З. - это неадекватное отражение реальности, обусловленное в каждый данный момент ограниченностью общественно-исторической практики и знания, а также абсолютизацией наличных взглядов, приёмов, подходов. З. рассматривается как результат ограниченности понимания сознанием своей практики, что, в какой-то мере, сближает познание и общение, как элементы созерцания. Но, в реальном ходе такого созерцания, сознание, всё же, отражает реальность, а не вмещает её! Оно абсолютизирует результаты освоения отдельных сторон реальности, - «моменты истины» Гегеля, не делая их звеньями цепи живого созерцания, ибо это невозможно без реальной и не абстрактной веры в любовь, как вечный смысл бытия. Поэтому З., с точки зрения своей онтологии, - это не просто иллюзия; в нём фиксируется то, что лежит на поверхности явлений, исторически-ограниченные характеристики этих явлений превращаются в «естественные», а потому вечные и абсолютные. В этом случае, став основанием поведения индивидуумов, включённых в исторически-ограниченные формы практической деятельности, З. закрепляется и превращается в предрассудок. Всё это препятствует критическому осознанию реальности, а в общественных науках выступает как источник «косности» общественного мышления, пленяющего и индивидуальное мышление. Для преодоления «косности» мышления необходимо изменить породившие их общественные условия созерцания, что предполагает критический подход к существующему мышлению, как индивидуальному, так и общественному, с позиций практики, взятой в её историческом развитии, тенденциях и перспективах.
***
Истина, при её абсолютизации, становится З., а З., понимаемое как «момент истины», т.е. понятое как относительно верное отражение одного из «моментов» реальности, не имеющего истинности вне связи с другими её «моментами», перестает быть З. в строгом логическом смысле и становится «фрагментом истины». Гегелевская логика, точно описывая нам интеллектуально формализованную диалектику процесса мышления, не раскрывает этического содержания этого процесса. Ведь превращение истины в абсолют происходит тогда, когда сознание не только не раскрывает обусловленности процесса созерцания своей «предметной общественной деятельностью», но и отказывается помнить о том, что «добро и зло» всегда являются постоянными категориями его мышления, от которых ему невозможно абстрагироваться. Истинное содержание гегелевской диалектики предполагает и борьбу с нравственной односторонностью созерцания, о чём специально не упоминают ни сам Гегель, ни марксисты!
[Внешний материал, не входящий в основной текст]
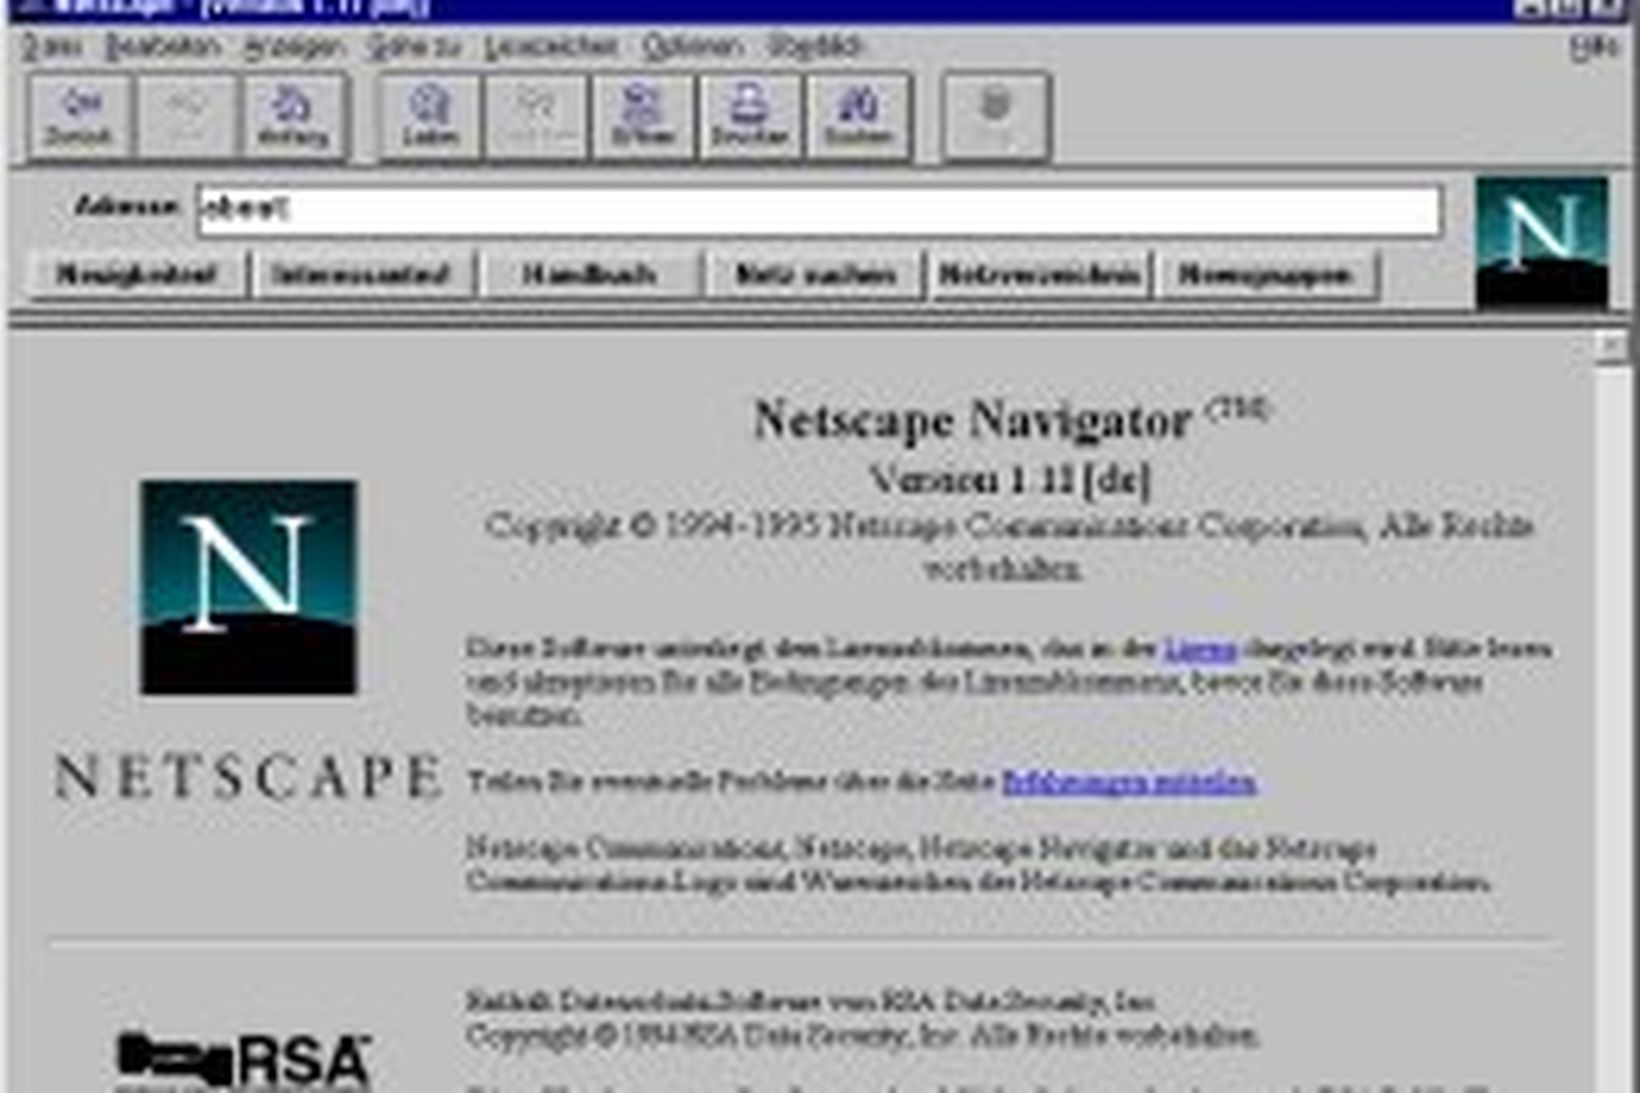 Netscape þótti byltingarkenndur árið 1994, en þætti líklega heldur takmarkaður …
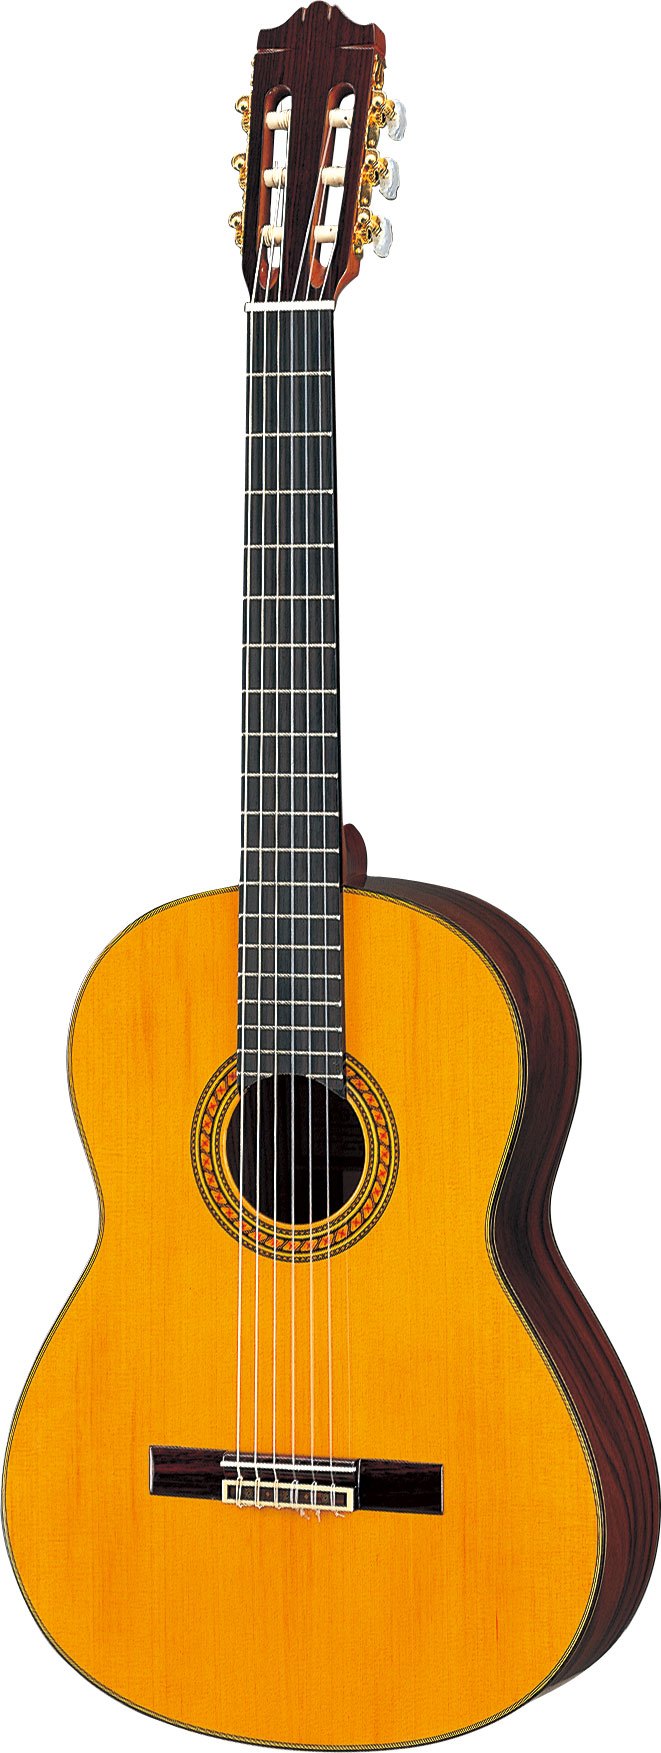 ヤマハ | CG151C - クラシックギター・ナイロン弦ギター - 概要

Абсолютизация относительной истины становится путём возникновения не только З., но и «зла» как такового!! - И именно потому, что постоянно прогрессирующая безнравственность созерцания охватывая практическое преобразование всё новых и новых сторон реальности, - «стирает» из неё всё больше прежних (нравственно переживаемых) её «моментов», прокладывая путь самому страшному З. - восприятию сознанием «зла» как «добра» … Это обстоятельство, учитывая откровенное знания о «добре и зле», делает очевидным то, что абсолютизация «моментов» реальности, превращающая их в З., не является и не может быть тем свойством, которое имманентно присуще сознанию и его созерцанию! - Только историческое колебание воли сознания и преходящие тенденции его созерцания, его греховное повреждение, возникающие на почве его эгоистических помыслов и предпочтений, создаёт условия для восприятия «зла» как «добра». Превращает процесс развития знания в перманентный кризис цивилизации.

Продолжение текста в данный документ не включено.